■ Task to carry out: Exact copies of the lines below, from the one with "GROHE Grohe Grohmix" up to and including the one with "Annual Accomplishment Report", are what this calls for; leave out pictures.

■ Input:
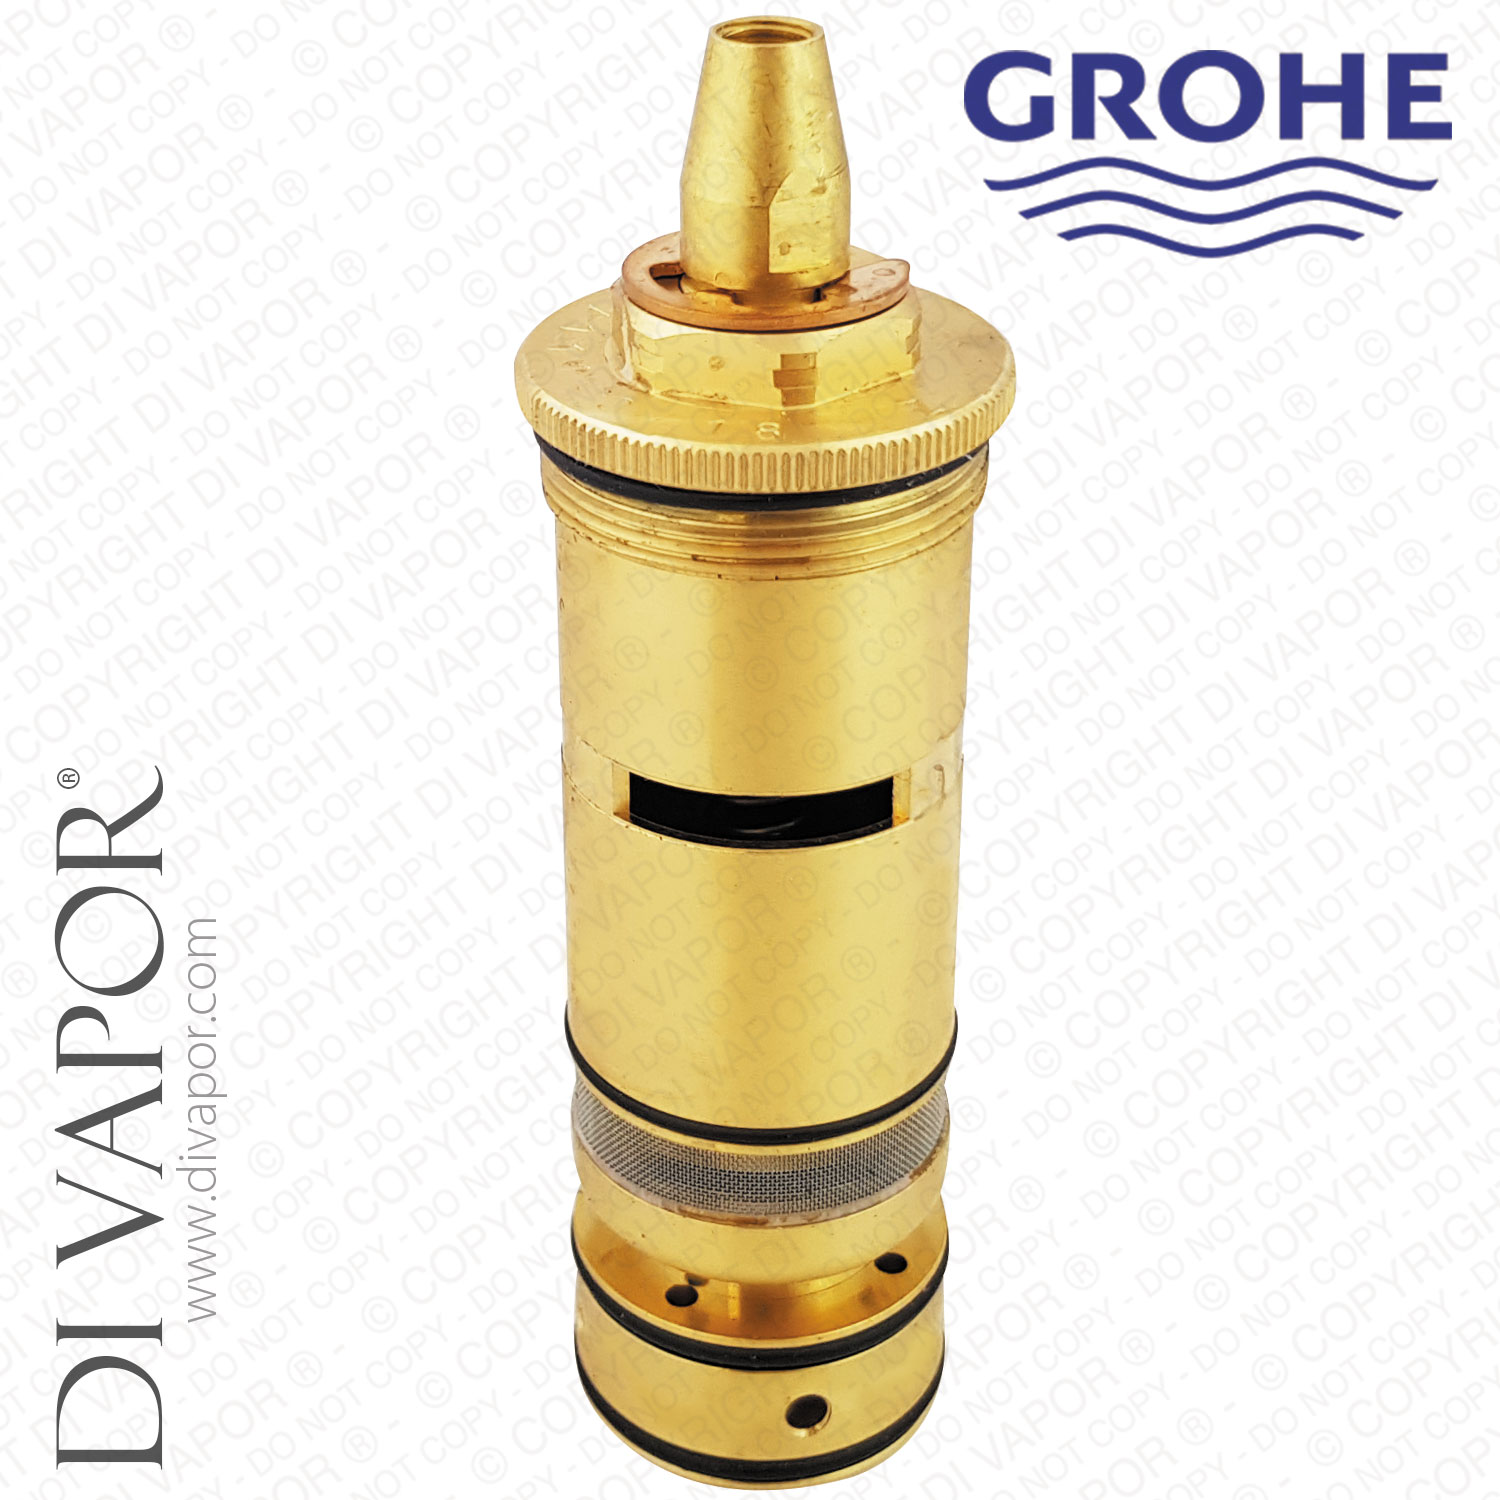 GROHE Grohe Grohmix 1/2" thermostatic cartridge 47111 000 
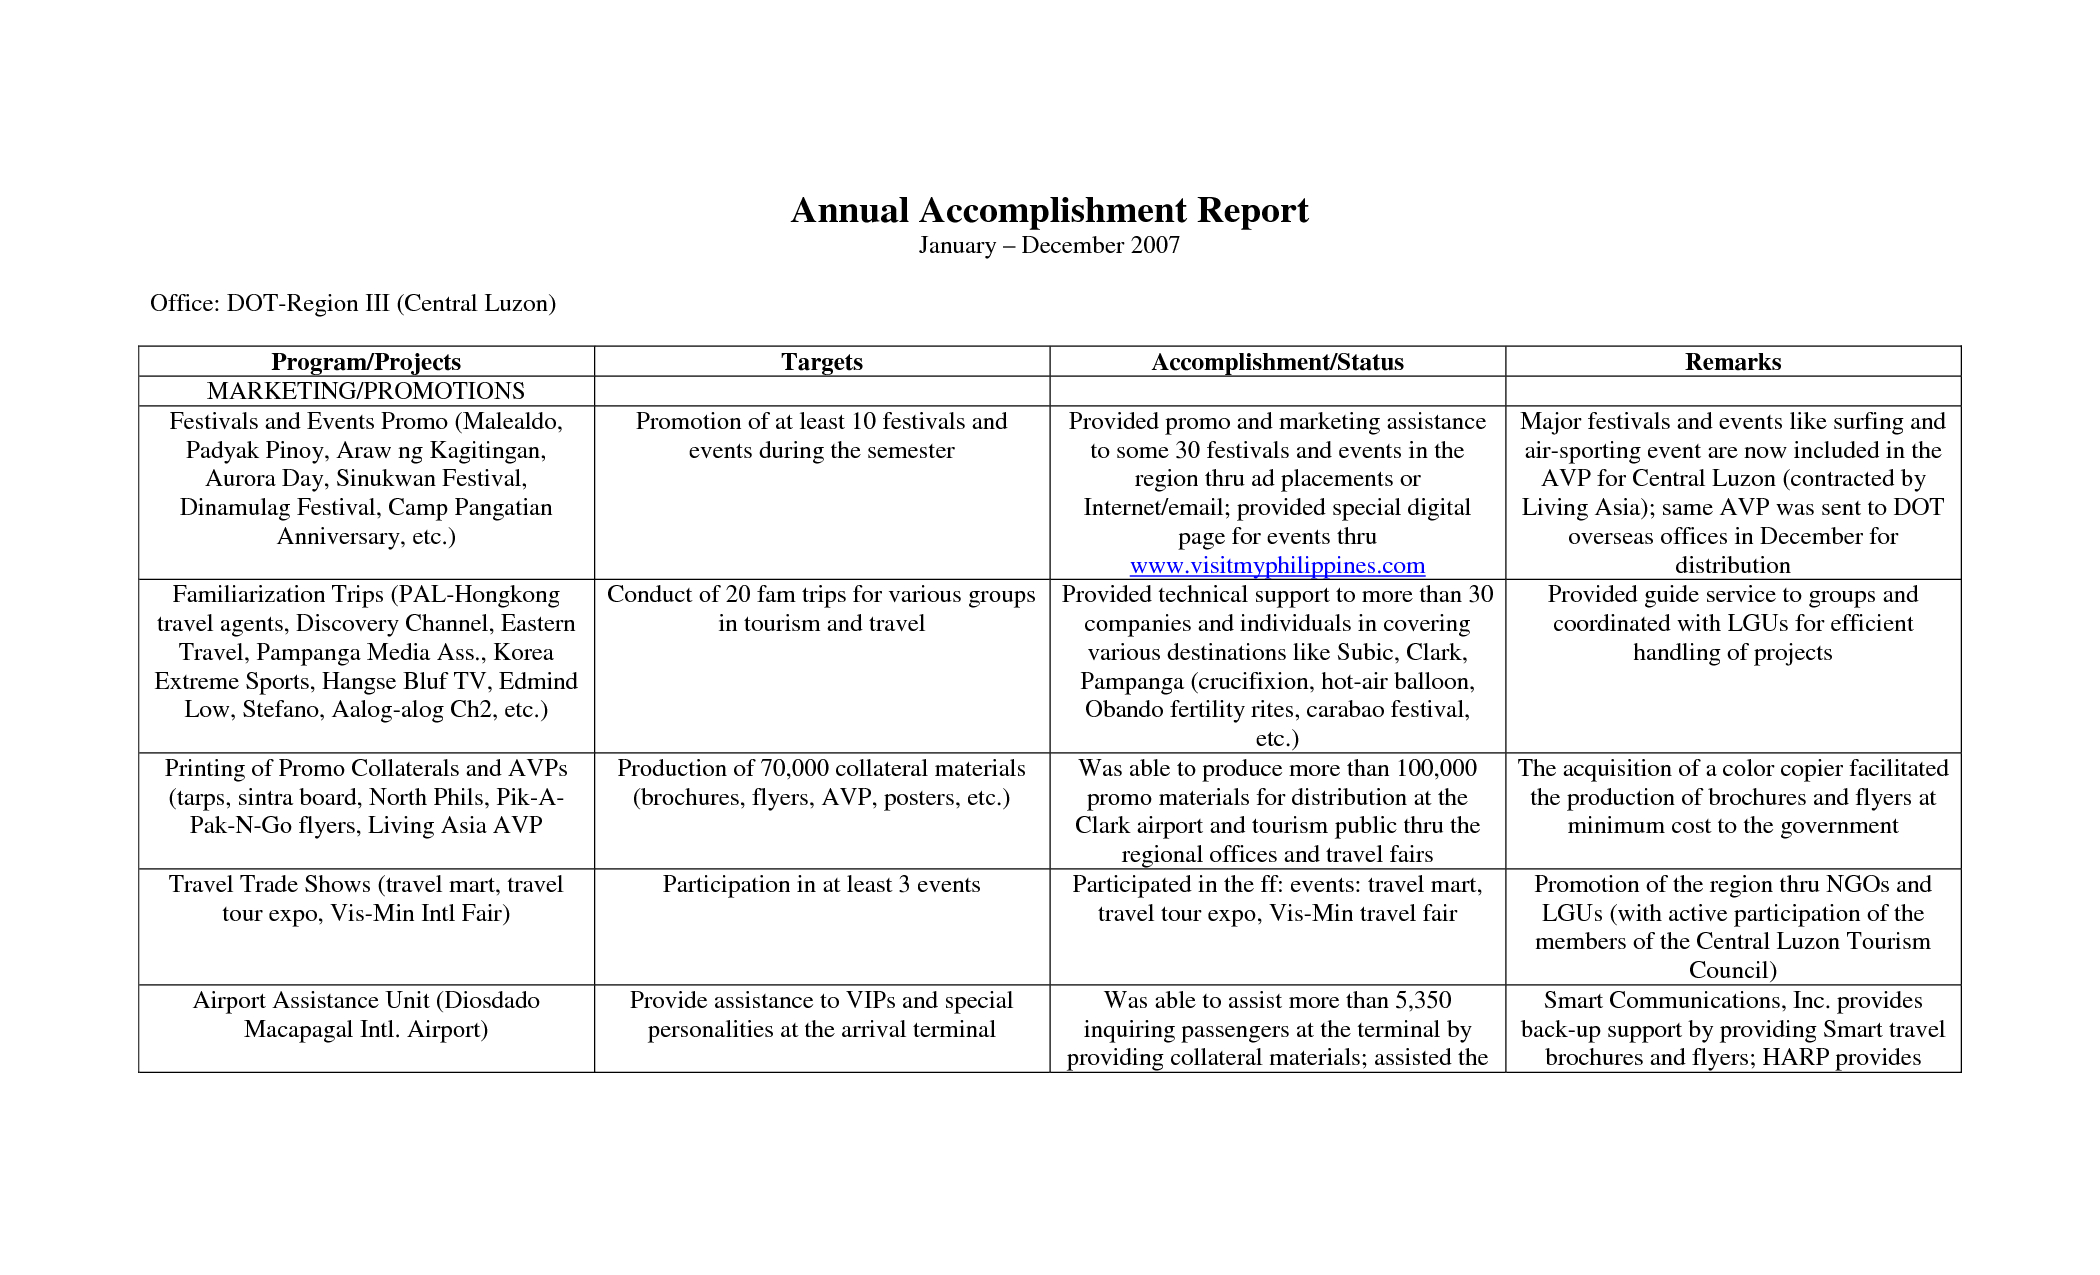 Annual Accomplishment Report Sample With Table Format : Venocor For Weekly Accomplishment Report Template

--

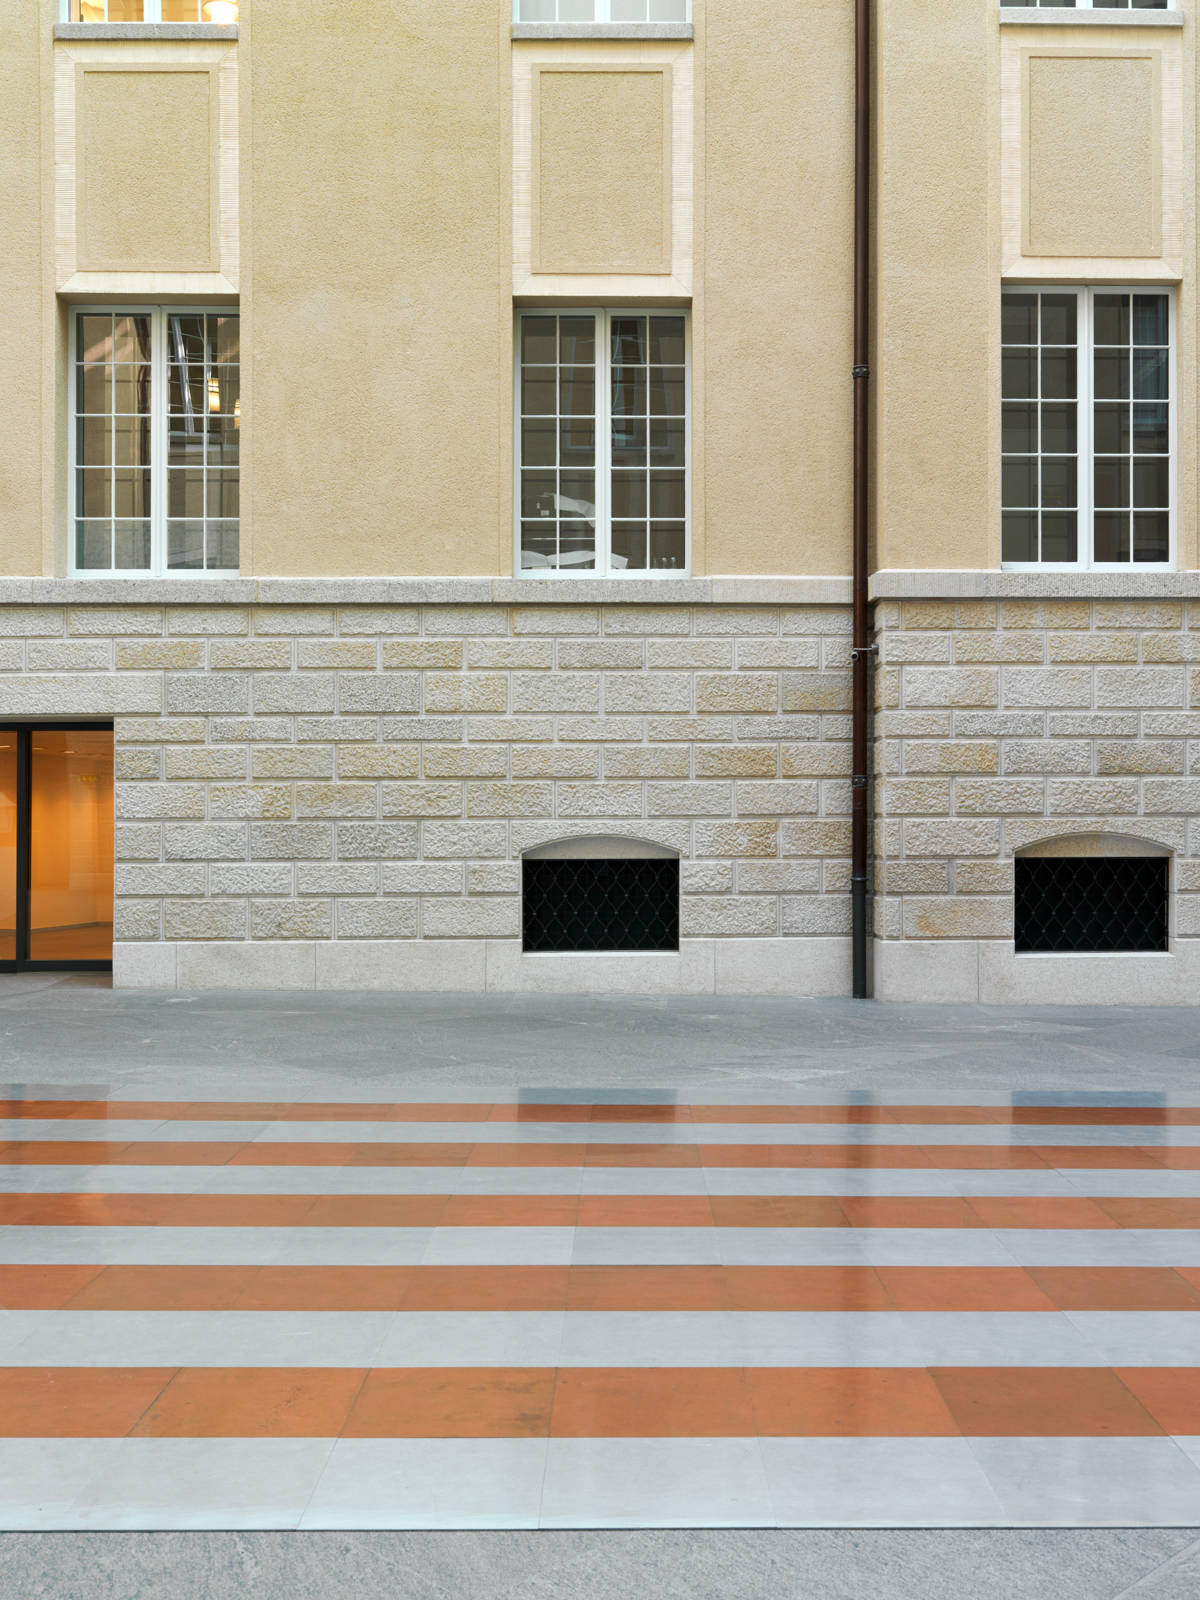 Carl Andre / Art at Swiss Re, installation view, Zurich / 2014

■ The answer:
 GROHE Grohe Grohmix 1/2" thermostatic cartridge 47111 000 
 Annual Accomplishment Report Sample With Table Format : Venocor For Weekly Accomplishment Report Template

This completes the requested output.